NCUA Board Approves Interim Final Rule on Asset Reporting

CUs may use asset data from the end of March 2020 to determine whether they are subject to capital planning and stress testing.

Lobby of the NCUA.

The NCUA board on Thursday approved an interim final rule that will allow large credit unions to use their March 31, 2020 asset data for certain reporting, in an effort to ensure that credit unions are not subject to heightened regulatory requirements merely because of high deposit growth caused by the pandemic.

Credit unions may use asset data at the end of March 2020 to determine whether they are subject to capital planning and stress testing. The rule will remain in effect during 2021 and 2022.

“As financial first responders on the frontlines of the COVID-19 crisis, many credit unions have experienced rapid and unexpected balance sheet growth resulting from government policy responses to and consumer choices resulting from the economic upheaval caused by the pandemic,” NCUA Chairman Todd Harper said.

He added that in most cases the growth will be temporary since it is the result of the pandemic.

“The latest round of stimulus checks and unemployment benefits to Americans across the country will only continue this growth,” he said.

“By taking this step, the NCUA is acknowledging the uniqueness of the situation and not making it harder on credit unions already stretched thin by the circumstances,” board member Kyle Hauptman said.

Harper added that the NCUA board will soon consider a temporary rule to exempt credit unions from certain prompt corrective action regulations that could be triggered as a result of balance sheet changes due to the pandemic.
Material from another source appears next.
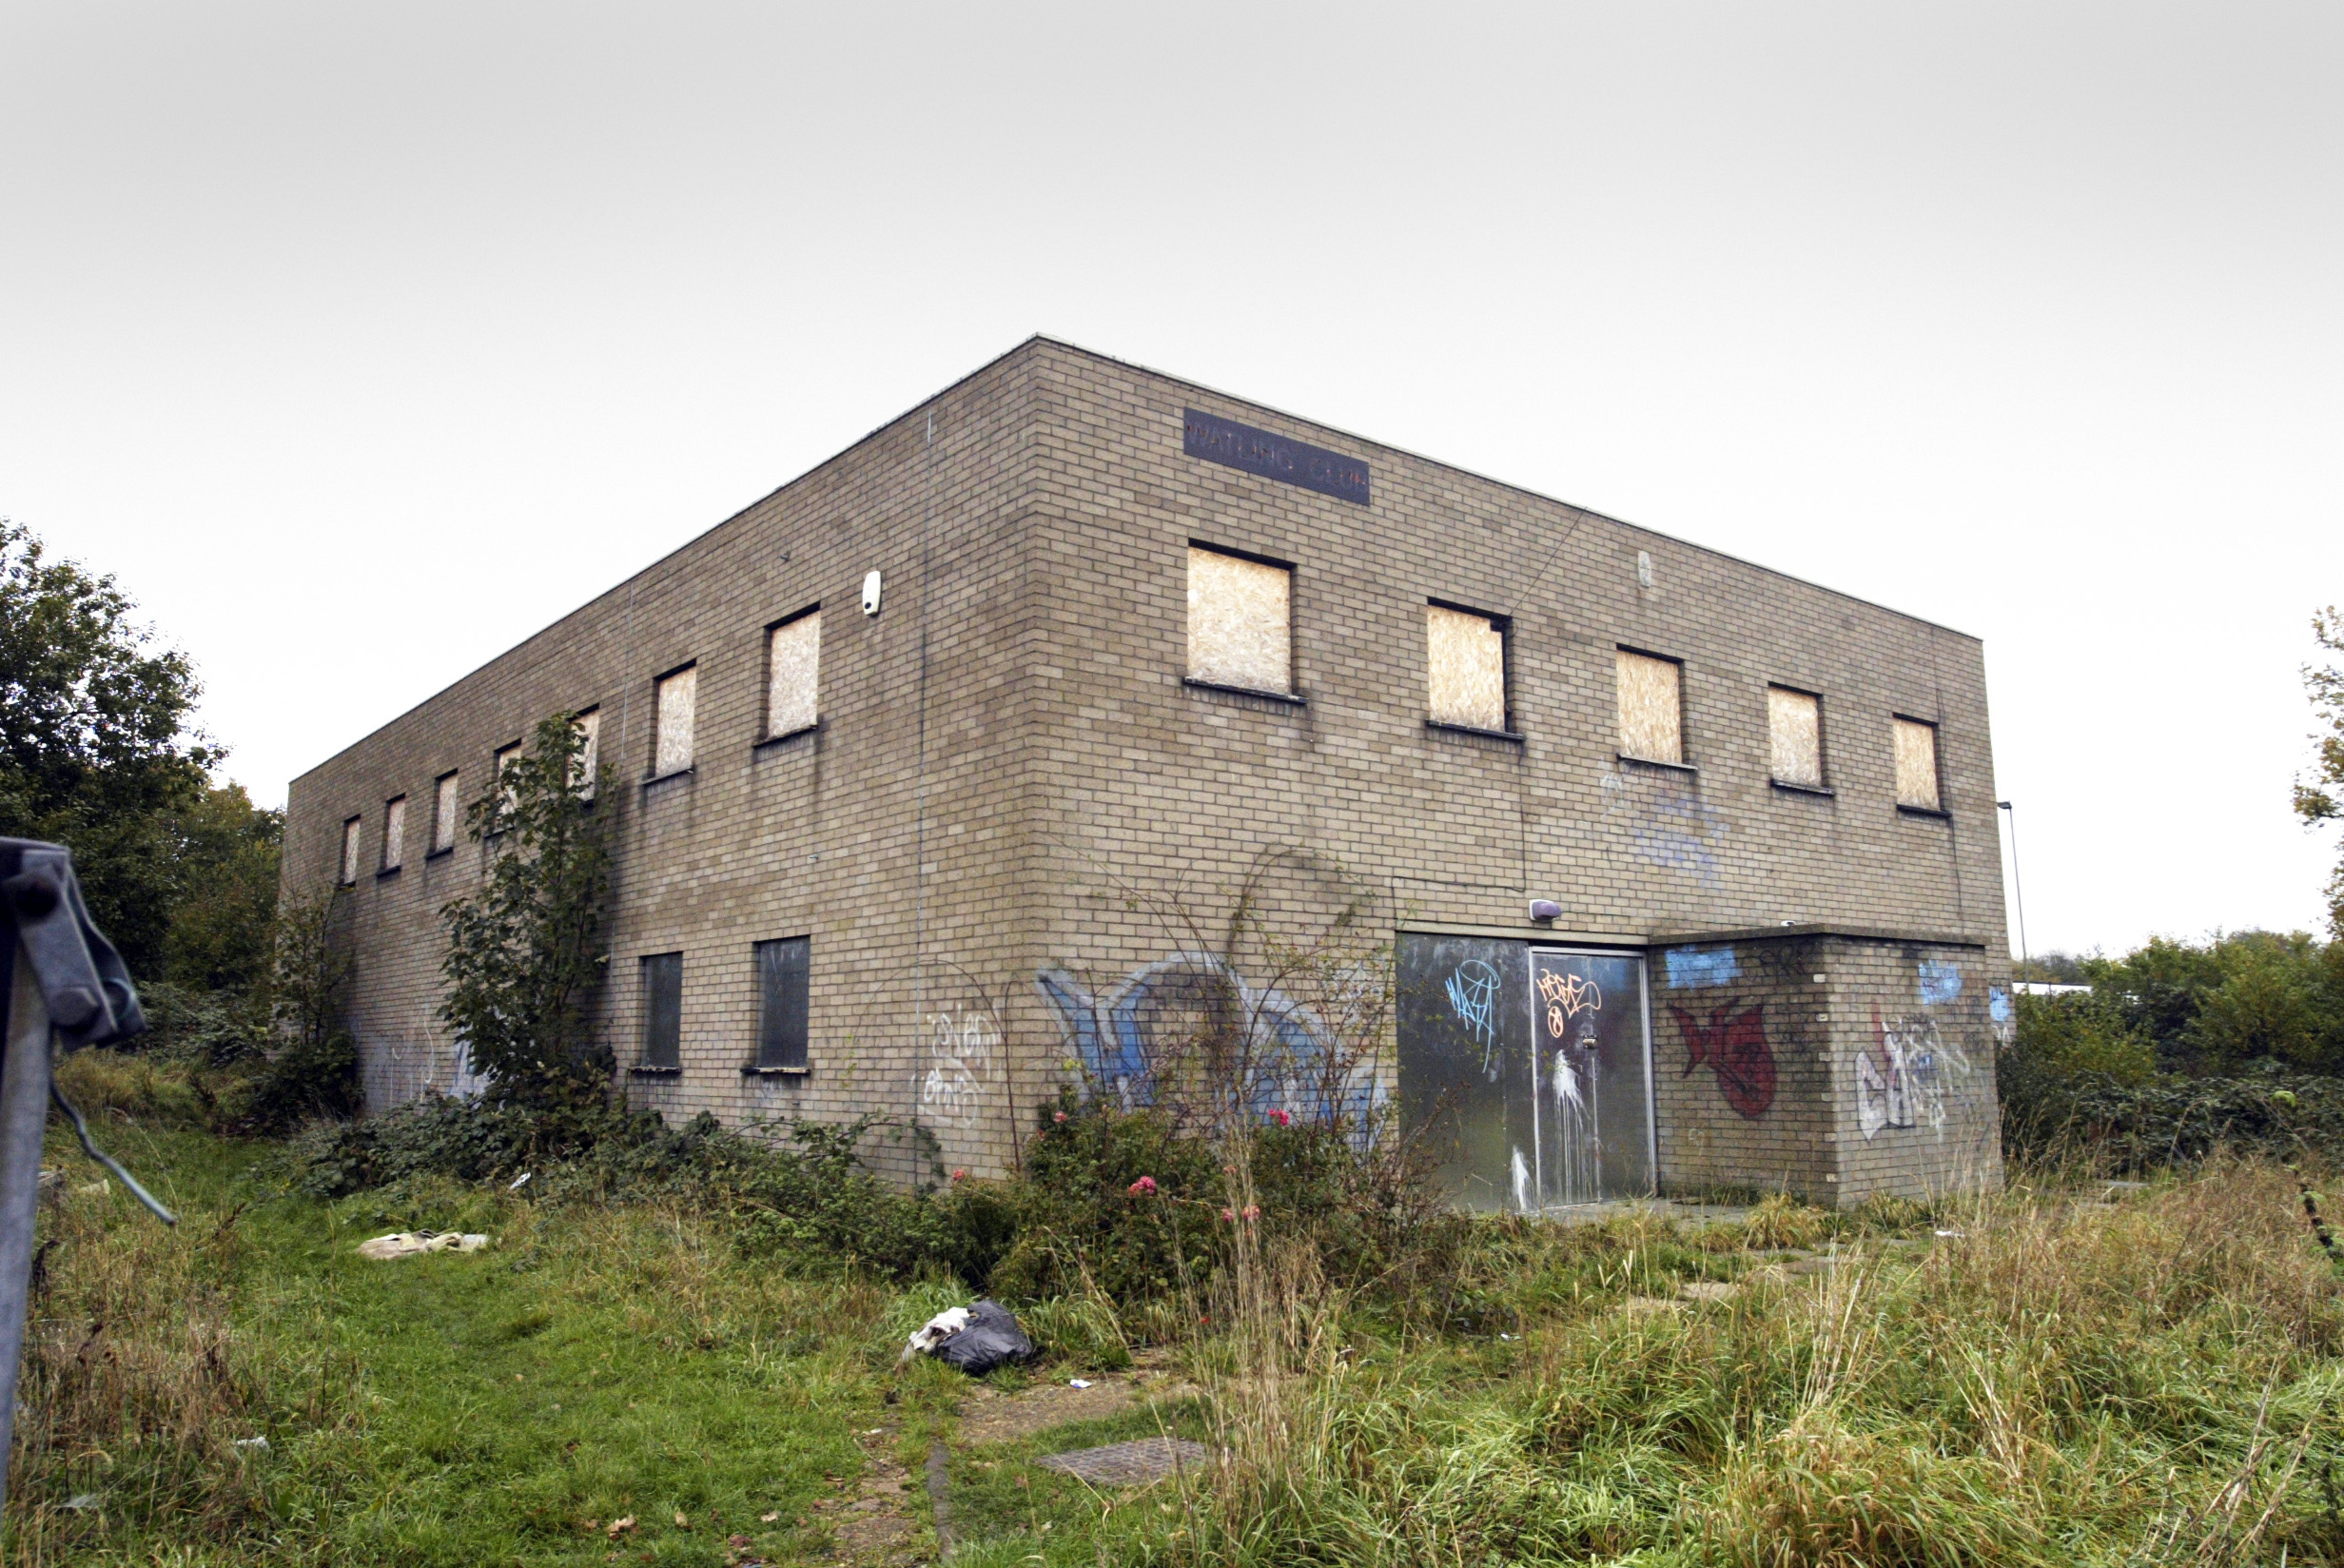 Vacant former community hall acquired unconditionally. Planning obtained for 20 private units and 4 affordable housing units. Dryfield Road, Edgware, London Borough of Barnet.

The board also was told that at the end of April, about 2,000 credit unions will receive a total of $368.7 million that is available from management of the asset estates of three corporate credit unions that failed during the last financial crisis.

Credit unions that have guaranteed notes from U.S. Central, Members United Corporate and Southwest Corporate will receive the funds, agency officials said.

Under questioning from Hood, NCUA General Counsel Frank Kressman said the agency had hired private attorneys to handle the recovery of funds on a contingency basis. Those attorneys have been paid about $1.2 billion, or 23% of the amount recovered. Kressman said he was not general counsel at the time the decision was made to hire they attorneys.

Harper said that agency officials had made a good decision to pursue firms that had sold faulty mortgage-backed securities.

“The shrewd decision to pursue litigation against the Wall Street firms that sold faulty mortgage-backed securities is also a key reason why we are now making distributions,” he said. “Indeed, without those legal recoveries, there would be no checks sent to capital holders.”